Deadline for compliance issued by the Pharmacy Council expired March 31. More than 60 per cent of pharmacies are still unable to renew their licences due to the stringent requirement of a permanent superintendent pharmacist.

Executive Director of the Pharmacy Owners Association of Ghana, Vincent Owusu-Ansong, speaking to Ekow Mensah-Shalders on the Executive Breakfast Show on Class 91.3fm Friday April 1, said its members will struggle to meet the requirement.

“We don’t have enough people available now to supervise these pharmacies, and, per the council’s regulation, if you are unable to do so by end of April this year, they will close down your shop…and this has very serious implications for NHIS cardholders and even people whose livelihoods depend on these pharmacies,” he stated.
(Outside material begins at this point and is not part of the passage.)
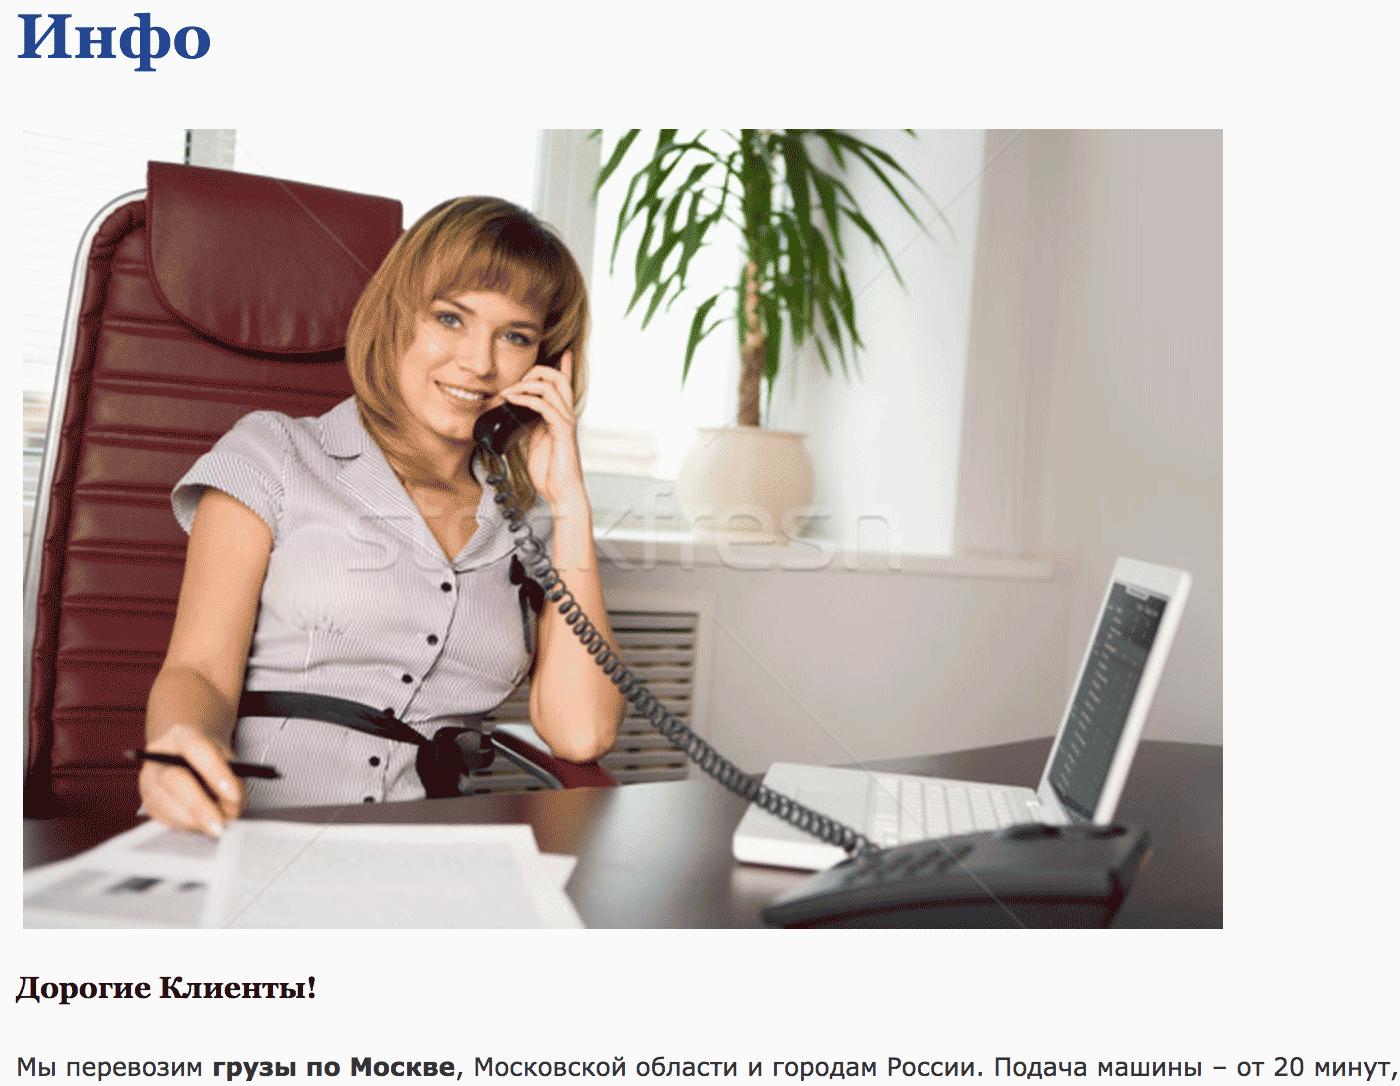 Это стоковое фото разместил на странице о компании перевозчик в Москве

“This is really a challenge. We are seeing if the Pharmacy Council could give an extension to pharmacy owners, so that they can have time to source or recruit pharmacists because now they are not available and it is really causing a whole lot of panic in the industry,” he said.

According to Mr Owusu-Ansong, checks from the regions show that less than 40 per cent of pharmacies have renewed their payment for the year 2016, “and if we don’t get enough pharmacists currently to renew the rest, which is even a challenge now, then by April ending, close to 3,000 shops will go down, and that will not be good for anybody in the country, because pharmacies currently operate between 7am and 10pm, far more than what clinics and even government health centres will do,” he added.